Project Summary/Abstract Smoking is a major risk factor for bladder cancer (BCa). Patients with current or past history of smoking have a three times higher likelihood of developing BCa. Smoking is also known to have a potential dose-dependent effect on the grade and stage of BCa, with high-dose smokers having more aggressive disease. In addition, smokers with BCa have a higher likelihood of failing chemotherapy. Currently, markers that can stratify smokers based on their risk of developing BCa are lacking. Furthermore, predictive markers for aggressive BCa among high-dose smokers are also lacking. The central goal of this application is to characterize the DNA adducts and biochemical alterations observed in smoking-associated BCa and use this information to develop metabolite-based predictive markers and therapeutic strategies for this deadly disease. Cigarette smoke contains a number of xenobiotic compounds that include arylamines, methylated metabolites, Nicotine- derived nitrosamine ketone (NNK), Benzo[a]pyrene (BaP), nicotine etc which are usually metabolized by the xenobiotic metabolism and excreted in the urine. Our strong preliminary data demonstrates altered DNA adducts and reprogramming of xenobiotic metabolism in BCa smokers. This effect is exaggerated by components of cigarette smoke including nicotine. Using a novel metabolomics approach, we had earlier shown that BCa was associated with a unique metabolic signature. From the patients perspective it is important to be able to measure these markers non-invasively in body fluids like urine. Intriguingly, metabolites are the end products of overall cellular metabolism. These are small molecules that could be easily monitored in body fluids to interrogate disease phenotype in question. Quiet provocatively, our group is being established to utilize metabolites to further monitor tumors. Thus, our current proposal aims to identify DNA adducts and associated metabolites in BCa smokers and use the information to develop markers for early identification of patients who are at risk for developing aggressive bladder cancer. Further will enable clinicians to take an informed decision about more appropriate therapeutic strategies towards personalized medicine.

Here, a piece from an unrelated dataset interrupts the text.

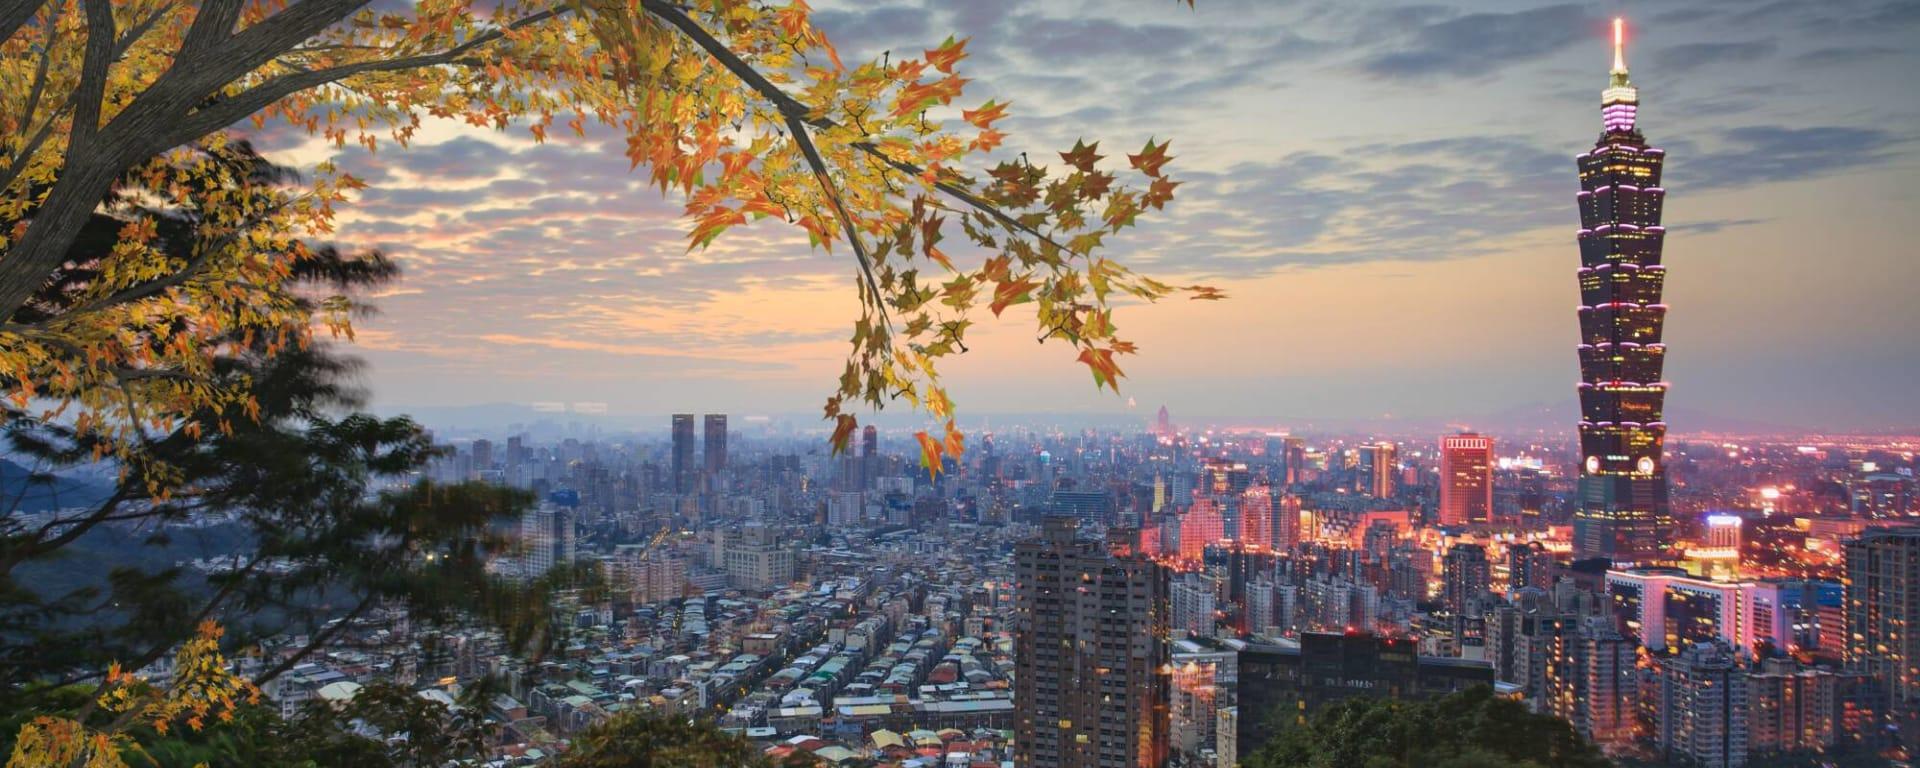 Taiwan entdecken mit Tischler Reisen: Taiwan Taipei Panorama

项目摘要/摘要 吸烟是膀胱癌（BCA）的主要危险因素。当前或过去吸烟史的患者有 发展BCA的可能性高三倍。众所周知，吸烟具有潜在的剂量依赖性 对BCA的等级和阶段的影响，高剂量吸烟者患有更具侵略性的疾病。此外， BCA的吸烟者的化学疗法失败的可能性更高。目前，可以分层的标记 吸烟者基于其发展BCA的风险。此外，积极的预测标记 大剂量吸烟者中的BCA也缺乏。此应用程序的核心目标是表征 在吸烟相关的BCA中观察到的DNA加合物和生化改变，并将这些信息用于 为这种致命疾病开发基于代谢物的预测标记和治疗策略。卷烟 烟雾含有许多异生元化合物，包括芳基胺，甲基化的代谢产物，尼古丁 - 衍生的亚硝胺酮（NNK），苯并[a] pyrene（BAP），尼古丁等，通常由 异生物代谢，并在尿液中排出。我们强大的初步数据表明DNA改变了 BCA吸烟者中异生物代谢的加合物和重编程。这种效果被夸大了 香烟烟的成分，包括尼古丁。使用新型的代谢组学方法，我们较早 表明BCA与独特的代谢特征有关。从患者的角度来看 能够在尿液等体液中非侵入性测量这些标记很重要。有趣的是代谢物 是整体细胞代谢的最终产物。这些是可以轻松监测的小分子 在体液中审查疾病表型。安静的是，我们的小组正在建立 利用代谢物进一步监测肿瘤。因此，我们目前的建议旨在确定DNA加合物和 BCA吸烟者中的相关代谢物，并使用这些信息来开发标记物以尽早识别 患有侵略性膀胱癌风险的患者。进一步将使临床医生能够接受 关于对个性化医学的更适当治疗策略的明智决定。